Знаю, что она сейчас слышит меня, и это придает мне бодрости, будто говорю не я один, а мы вдвоем.
— Что такое? — поднимает глаза Семен Иванович.
Ясно, что он уже догадался, зачем я пришел. Смотрю не в глаза ему, а на длинные, загорелые пролысины, бегущие от висков.
— Хочу просить… Мы с Надей хотим пожениться.
Он лезет в карман за кисетом. Отрывает лоскуток затертой газеты, складывает его желобком, насыпает табак. Зачем он медлит? Он зовет:
— Надежда!
На пороге шорох. Она появляется в дверях, приостанавливается. Серые ясные глаза ее смотрят на отца с мольбой.
— Слышишь, что Виктор Петрович говорит?
— Слышу, — еле различимо произносит Надя.
— Так садись, давайте думать.
Надя присаживается в стороне, поправляет волосы.
— И ты, мать, давай сюда поближе. Дело серьезное.
— Мне и здесь ладно, — откликается Полина Михайловна.
Семен Иванович закуривает.
— Ну, дочь, слово тебе.
Надя говорит, овладевая собой:
— Сам знаешь, папаня. Мне другого счастья не надо.
— Так, понятно, — удовлетворенно кивает Семен Иванович. — Как ты, мать?

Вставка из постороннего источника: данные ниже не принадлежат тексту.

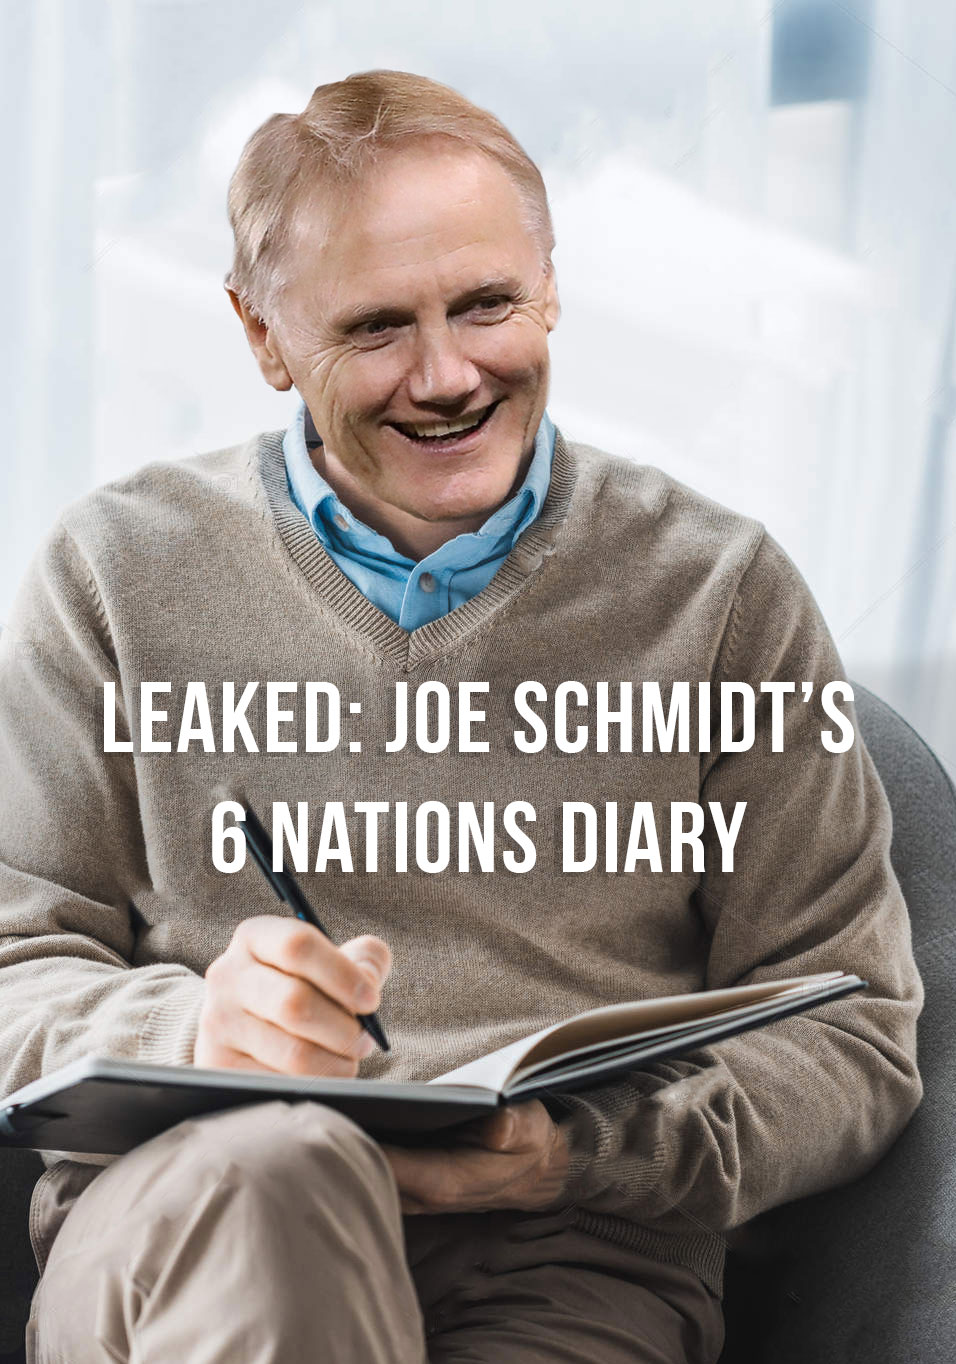 LEAKED: Joe Schmidt’s 6 Nations Diary

Полина Михайловна откладывает нож, вытирает руки о фартук, улыбается.
— Я что?.. Промеж себя они и без того решили. — Она кидает добрый взгляд на меня, на Надю. — Чему быть, тому не миновать.

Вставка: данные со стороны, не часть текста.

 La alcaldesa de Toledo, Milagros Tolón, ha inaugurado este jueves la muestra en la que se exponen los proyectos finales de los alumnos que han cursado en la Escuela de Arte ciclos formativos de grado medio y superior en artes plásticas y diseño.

Видно, ей хочется сказать еще что-то, но она боится обидеть нас. Семен Иванович тоже это улавливает.
— А ты говори, говори, не затаивай.
Полина Михайловна подходит к дочери, гладит ее по волосам.
— Вы, Виктор Петрович, не подумайте чего. Я как мать. Не обождать ли? И ты, Надюша, подумай. Андрей хоть не сватался, так все равно людям известно, ты за него собиралась. Конечно, дело твое. Насильно мил не будешь, но все же, наверно, лучше обождать. Если сейчас, так что люди скажут? Ветреница.
Так вот в чем дело! Ждать! Надя смотрит в пол, упрямо, в одну точку.
— Да и то, пожалуй, — подхватывает разговор отец. — Не рано ли? Мужа найти нетрудно, себя надо найти. Ну, что ты сейчас? Ни два, ни полтора. Недоучка — одно слово.
— Учиться я буду, — сумрачно отвечает Надя.
— Как сказать, — с сомнением произносит отец. — А коли дети пойдут?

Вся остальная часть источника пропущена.